The released checkpoint and preprocessed Pfam assets are hosted on Hugging Face Hub.
Install the Hugging Face CLI if needed:
pip install -U "huggingface_hub[cli]"
Download the checkpoint:
hf download jinxbye/LineageFlow \
lineageflow-rp55.ckpt \
--local-dir checkpoints
Download the preprocessed Pfam assets:
hf download jinxbye/LineageFlow-assets \
--repo-type dataset \
--local-dir dataset
Expected layout after download:
checkpoints/lineageflow-rp55.ckpt
dataset/pfam_priors_asr_mad/*.prior.json
dataset/pfam_gap_rates/*.gap.json
dataset/pfam_fastas_clean/*.fasta
dataset/pfam_pi_smooth_tau0.5_gap060_gt80_020.csv
dataset/pfam_priors_keep_ids_gap060_gt80_020.txt
All paths can also be overridden from the command line.
The default config in config/generation.json uses the released inference setting:
- t_max=6.0, t_int=3.0
- steps_base=100, steps_final=50
- rounds=3, population_size=8, mutate_frac=0.25
- beta=4.0, lam=20.0
- max_families=64, runs_per_family_batch=16
- ESM2-150M rerouting scorer: facebook/esm2_t30_150M_UR50D
- decode=argmax
Generate a batch of sequences:
python inference/batch_generate.py \
--config config/generation.json \
--ckpt checkpoints/lineageflow-rp55.ckpt \
--num-samples 512 \
--gpus all \
--out outputs/lineageflow_samples.fasta
Each FASTA header contains the intended Pfam family, which is required by the family-validity and novelty evaluators.

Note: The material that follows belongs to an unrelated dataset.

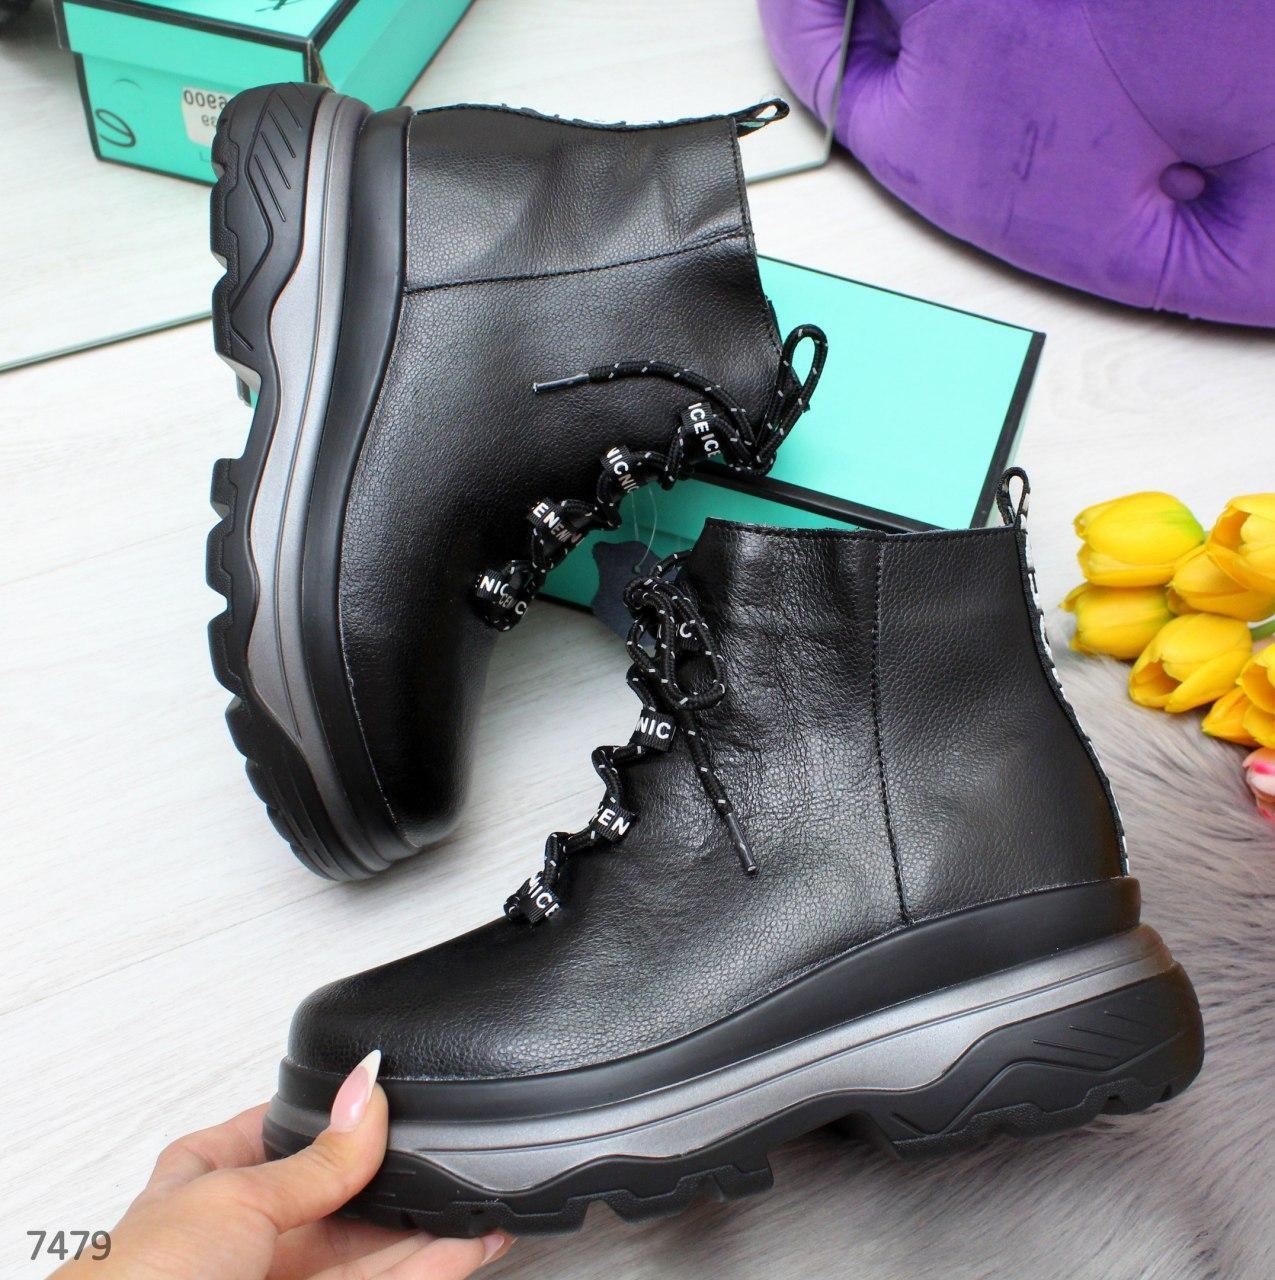 Кожаные черные женские ботинки на зиму на меху kap7479

python inference/generate.py \
--config config/generation.json \
--ckpt checkpoints/lineageflow-rp55.ckpt \
--prior dataset/pfam_priors_asr_mad/PF00000.prior.json \
--gap dataset/pfam_gap_rates/PF00000.gap.json \
--out outputs/PF00000_samples.fasta
Run the full evaluation pipeline:
python evaluation/evaluate_all.py \
--fasta outputs/lineageflow_samples.fasta \
--outdir results/eval/lineageflow_samples \
--hmmdb databases/pfam35/Pfam-A.hmm \
--target-db results/mmseqs/pfam_train_gap060_gt80_020 \
--metrics family_validity foldability self_consistency novelty \
--fold-gpus all \
--sc-gpus all
Core metrics:
- Family validity: profile-HMM top-1 family accuracy and intended-family hit rate.
- Foldability: OmegaFold mean pLDDT.
- Self-consistency: ESM-IF sequence perplexity conditioned on the predicted backbone.
- Novelty: nearest-neighbor identity to the training corpus via MMseqs2.
- Diversity: MMseqs2 cluster count on foldable generated sequences.
To compare against natural sequences with the same family mixture:
python evaluation/sample_training_matched.py \
--generated-fasta outputs/lineageflow_samples.fasta \
--pfam-fastas-dir dataset/pfam_fastas_clean \
--out outputs/training_matched.fasta
config/ Default inference configuration and config reference
core/ Dirichlet path utilities and vector-field math
dataset/ Pfam family table and prior asset loaders
fitness/ Rerouting fitness functions
inference/ Single-family, batch, and trajectory generation
models/ LineageFlow denoiser architecture
evaluation/ Family validity, foldability, self-consistency, novelty
scripts/ Public setup utilities
assets/ README figures
checkpoints/ Placeholder for released model weights
outputs/ Local generation outputs
If you use LineageFlow, please cite:
@inproceedings{liang2026lineageflow,
title = {LineageFlow: Flow Matching for High-Fidelity Family-Aware Protein Sequence Generation},
author = {Liang, Langzhang and Yang, Ming and Feng, Yi and Li, Junfan and Pan, Shirui and Xu, Yinghui and Ying, Tianlei and Zheng, Yizhen and Xu, Zenglin},
booktitle = {Proceedings of the 43rd International Conference on Machine Learning},
year = {2026}
}
The same entry is available in citation.bib.
LineageFlow builds on public protein modeling tools and resources including ESM, HMMER, MMseqs2, OmegaFold, and Pfam.
LineageFlow is released under the MIT License.